En effet, ce sont des choses différentes à mon avis. Peut-être le mot 'viandé' n'est pas approprié... C'est toujours difficile de traduire des descripteurs anglais, il y a des nuances. Les Anglais disent 'meaty'. En tout cas, je suis d'accord, ce n'est pas la même chose que 'jambon fumé' tel qu'on le retrouve parfois dans les Islay ou Brora etc, ou que 'notes animales' - en Bourgogne on dirait civette ou ventre de lièvre (ayant couru dans les hautes herbes après la pluie entre deux et trois heures du matin ). En général j'écris 'wet dog' ou 'chien mouillé' (ne me demandez pas la race! pour ces notes animales. Je trouve souvent des notes de sauce soja et de vinaigre balsamiques associées à ces notes. Le classement en catégories varie beaucoup selon les sources, et bien sûr chaque arôme a des résonnances particulières selon l'expérience de chacun. Les Anglais et les Américains par exemple ont un vécu culinaire très différent de nous (c'est un euphémisme). Sans doute l'extrait de malt a-t-il des arômes viandés mais je n'en ai jamais humé ni bu... Mais j'imagine que ça ressemble au Viandox (mais je n'en ai pas la preuve). J'ai aussi souvent remarqué que les amateurs qui aiment aussi le vin ont un référentiel aromatique très différent de ceux qui n'en boivent jamais...
Les deux seuls Mortlach que j'ai goûté m'ont donné des impressions très différentes, le premier le Mortlach 1959 de chez GM était manifique de richesse, caramel et chêne en dominante, pour celui là je vois ce que veux dire serge par viandé, pour le deuxième version UC de chez SV de 1991 je crois, rien à voir, très très loin derrière le premier, un côté artificiel un peu comme du caramel de patisserie, il est ecoeurant la magie n'a pas pris, vous me direz ce n'est pas le même prix, le premier devait coûtait dans les 180 euros le deuxième dans les 45 euros, par contre ce que je peux vous dire c'est que le premier est 10 fois meilleurs. J'attends de goûter à une prochaine version, peut être le fauna et flora pour avoir avoir une meilleurs idée de cette distillerie.
PNicolas a écrit :pour le deuxième version UC de chez SV de 1991 je crois, rien à voir, très très loin derrière le premier, un côté artificiel un peu comme du caramel de patisserie, il est ecoeurant la magie n'a pas pris, vous me direz ce n'est pas le même prix, le premier devait coûtait dans les 180 euros le deuxième dans les 45 euros, par contre ce que je peux vous dire c'est que le premier est 10 fois meilleurs.

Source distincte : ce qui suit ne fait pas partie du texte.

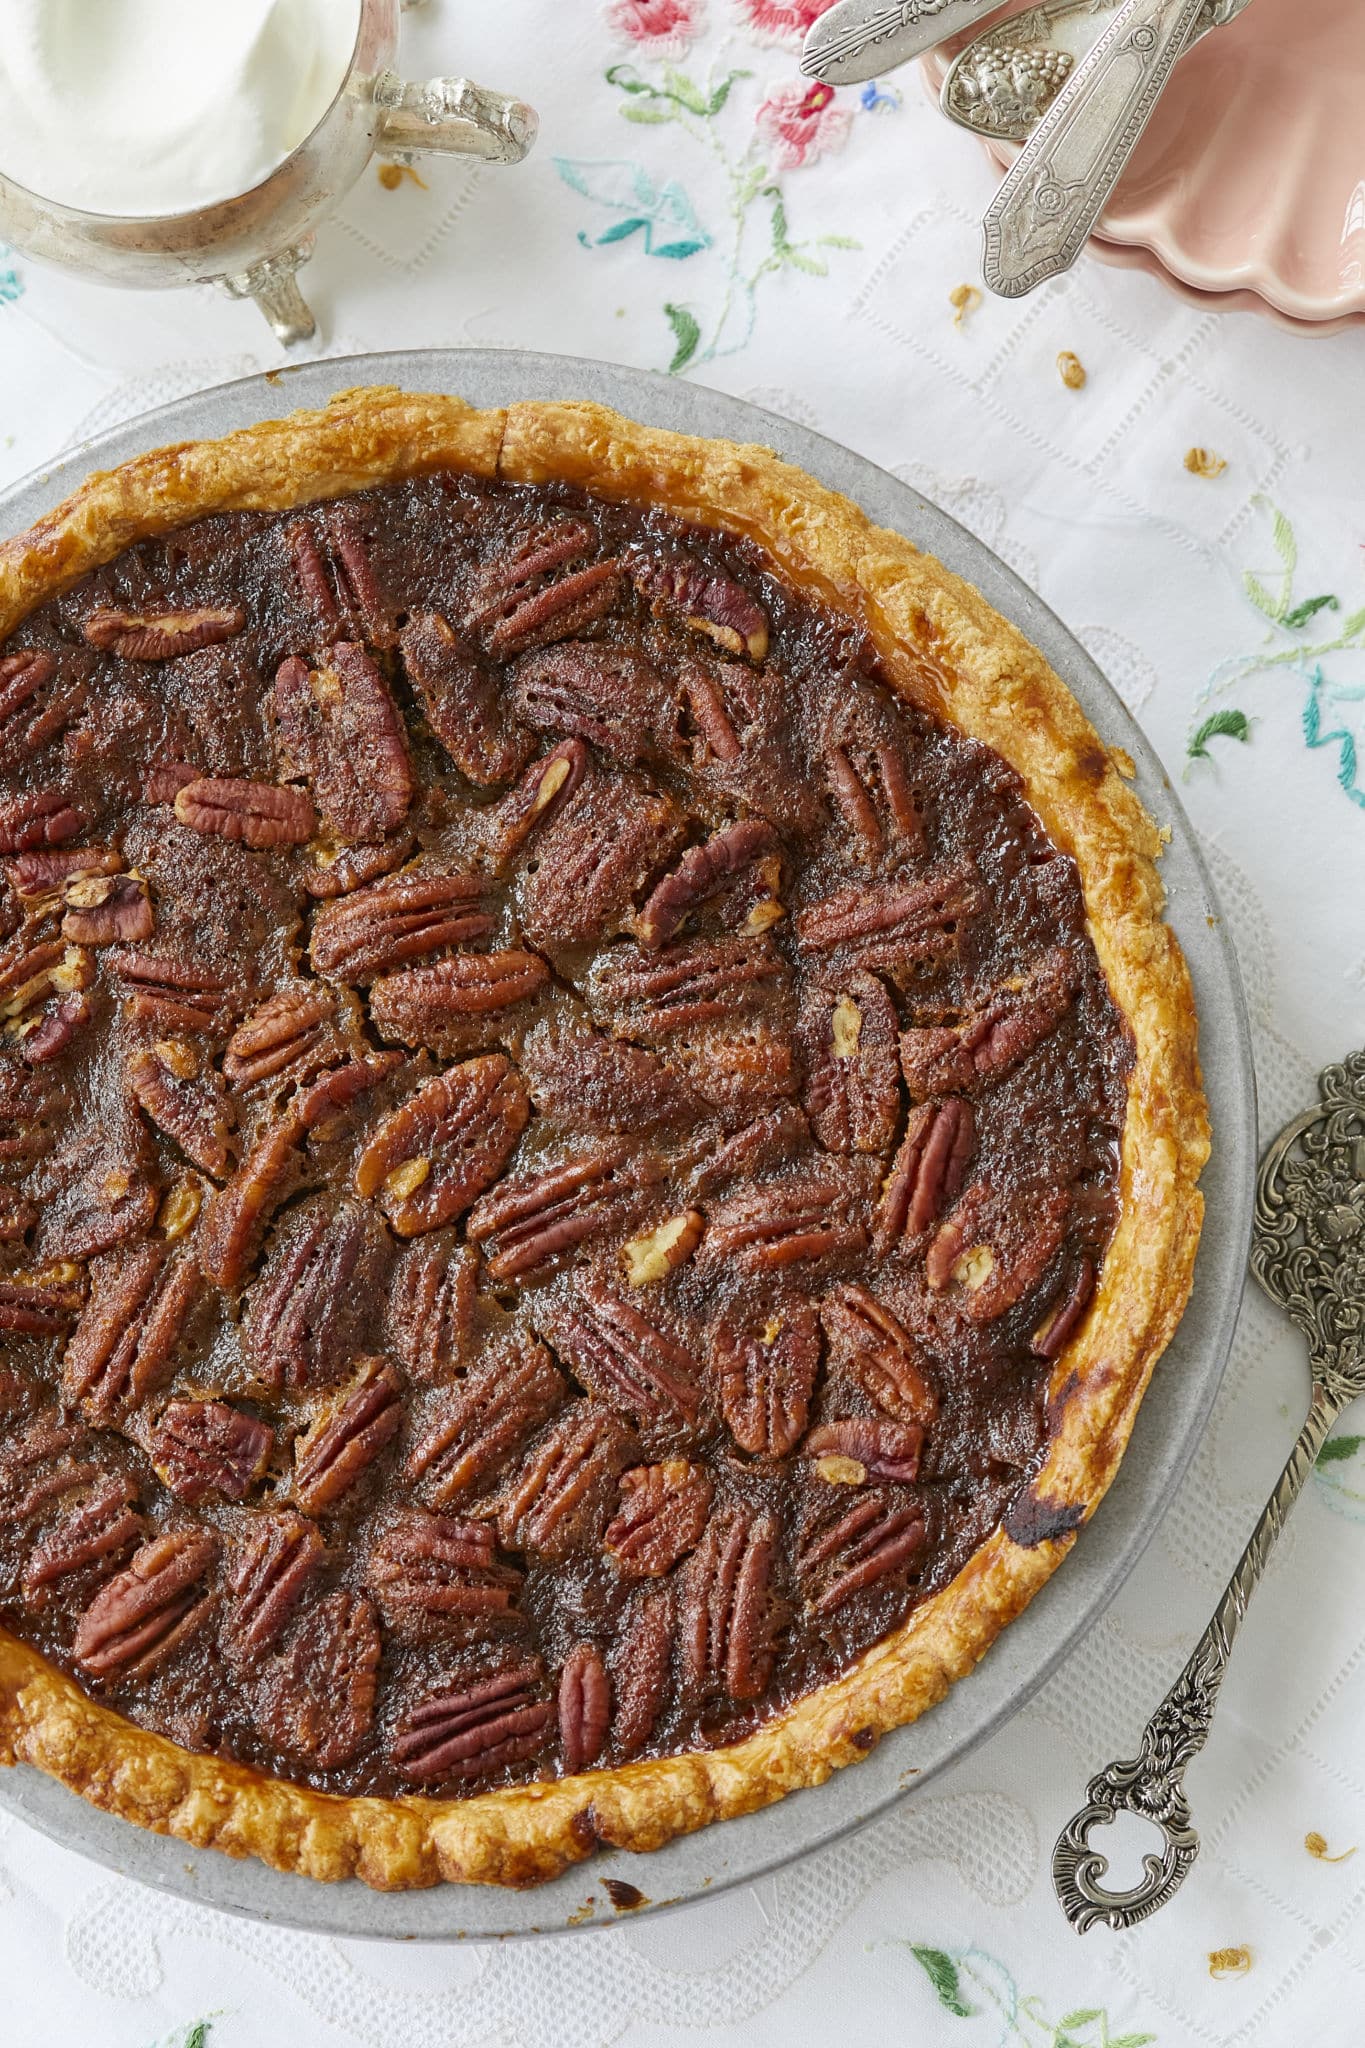 A close-up image, shot from above, of the pumpkin pecan pie. The pie crust is golden brown and the top layer of the pie is covered in pecans.

Bon, mais pour l'instant tu es le seul à pas avoir aimé... . Oui c'est bien un 1991.
Serge a écrit :en Bourgogne on dirait civette ou ventre de lièvre (ayant couru dans les hautes herbes après la pluie entre deux et trois heures du matin ).
En parlant de ce genre de notes de dégustation, vu dans le dernier whisky magazine : charlotte au Xérès Au moins, si vous voulez savoir quel goût ça a, pas besoin de passer l'après-midi dans votre cuisine, il suffit de boire du Glenmorangie Artisan Cask. Merci Michael Jackson...
laphroaig c moi a écrit :
Bon, mais pour l'instant tu es le seul à pas avoir aimé... . Oui c'est bien un 1991.
Le pb c'est que j'ai le 1959 comme référence et le 1991 est tellement loin qu'on pourrait penser que ce n'est pas la même distillerie. Mais bon même sans comparaison dans l'absolu je dois dire que je ne l'aime pas
whiskygalore a écrit :Alors ou c'est l'âge ou c'est les anciens master distillers qui font la différence, ou les deux. Mais de toute façon à 180 €, ça m'étonnerait que je l'achète un jour...
De tout façon ce n'est pas la peine de rêver il est maintenant pour ainsi dire introuvable, je l'ai vu en suisse mais encore plus cher, norlmal c'est la suisse.